**Action item:** Every entry that follows should be output exactly, and every image in it left out.

*** Exercise data ***

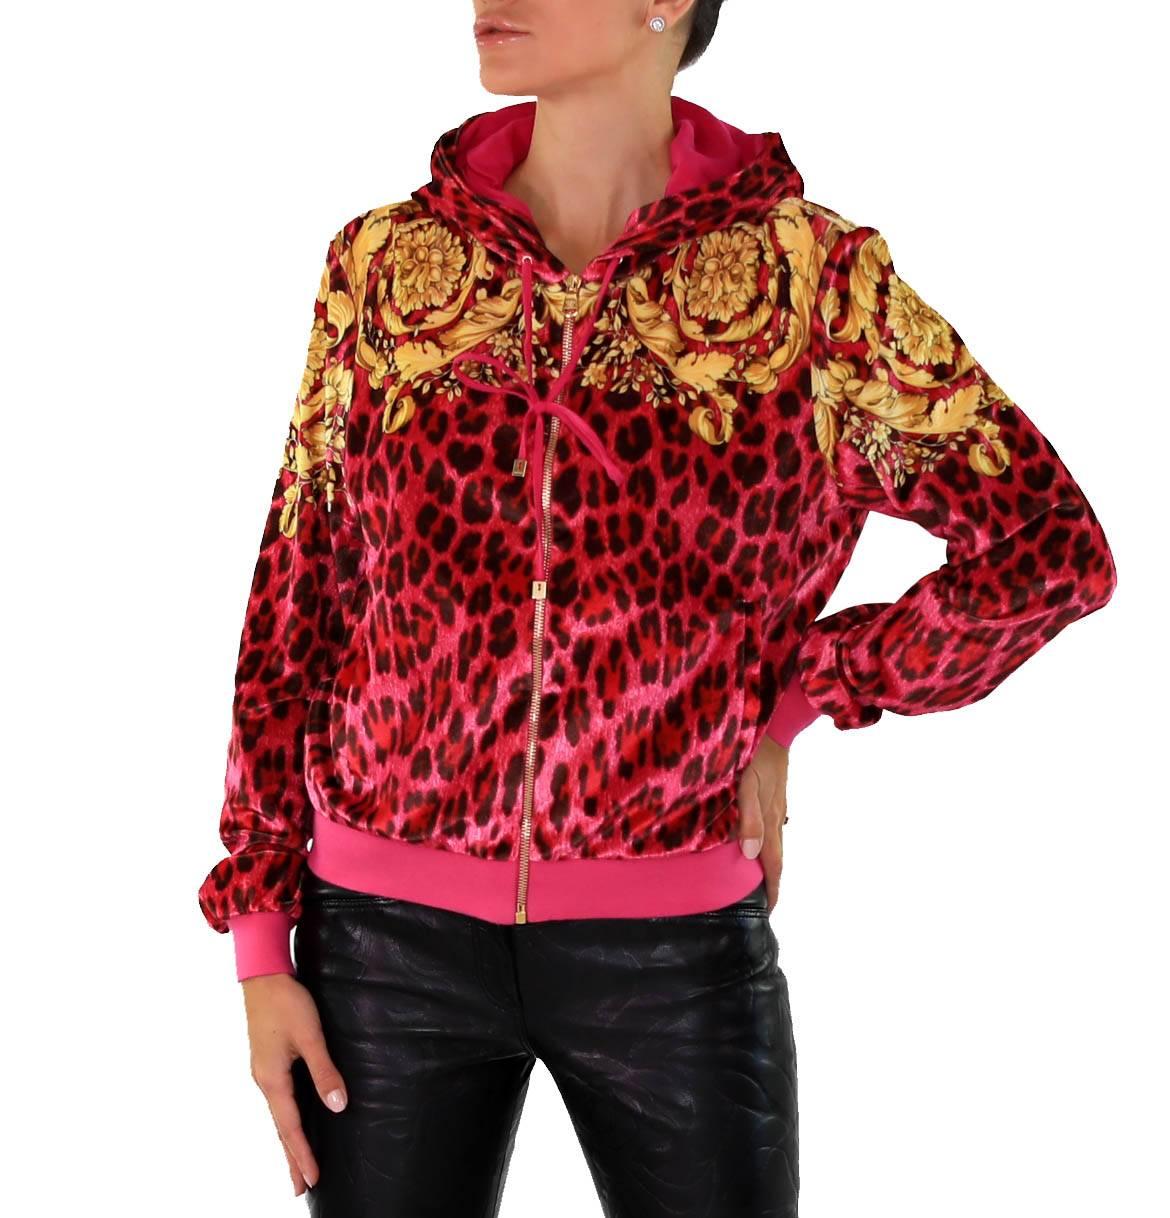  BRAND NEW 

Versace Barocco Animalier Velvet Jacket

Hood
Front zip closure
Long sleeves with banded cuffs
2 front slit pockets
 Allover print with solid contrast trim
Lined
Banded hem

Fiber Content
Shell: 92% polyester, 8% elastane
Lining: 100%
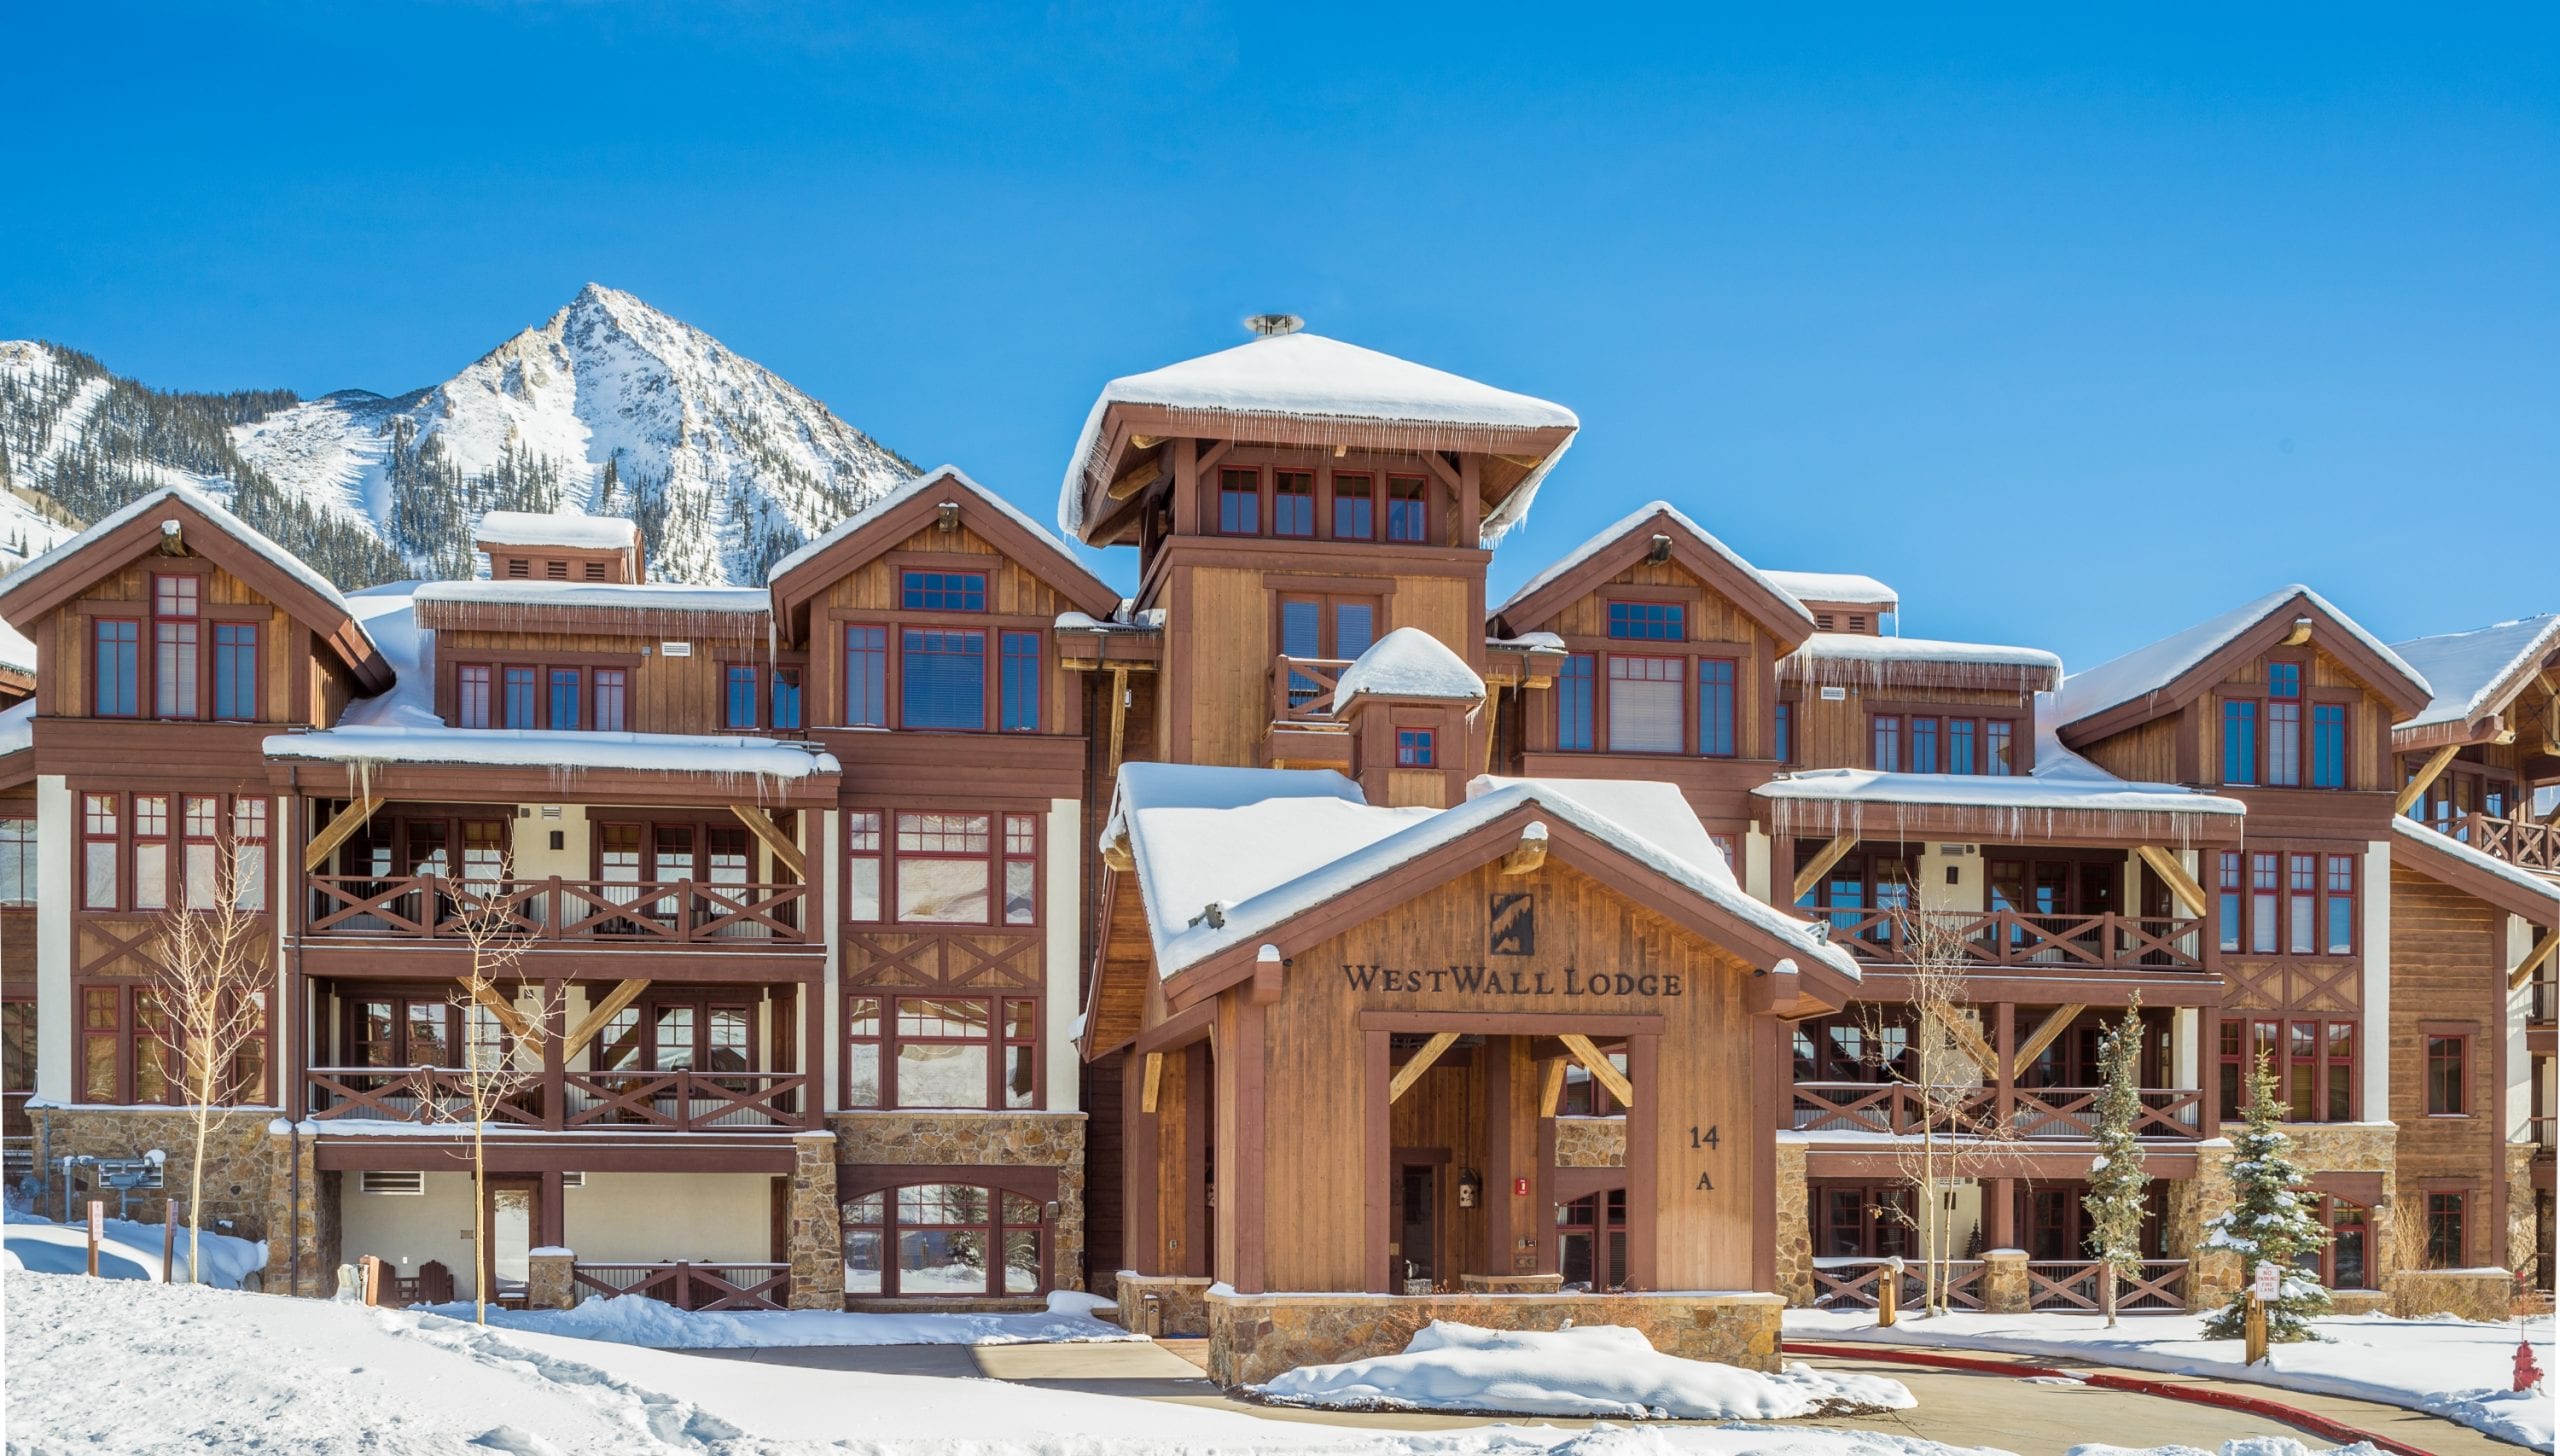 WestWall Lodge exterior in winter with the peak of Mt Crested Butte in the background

***

**Exercise result:**
  BRAND NEW 

Versace Barocco Animalier Velvet Jacket

Hood
Front zip closure
Long sleeves with banded cuffs
2 front slit pockets
 Allover print with solid contrast trim
Lined
Banded hem

Fiber Content
Shell: 92% polyester, 8% elastane
Lining: 100%
 WestWall Lodge exterior in winter with the peak of Mt Crested Butte in the background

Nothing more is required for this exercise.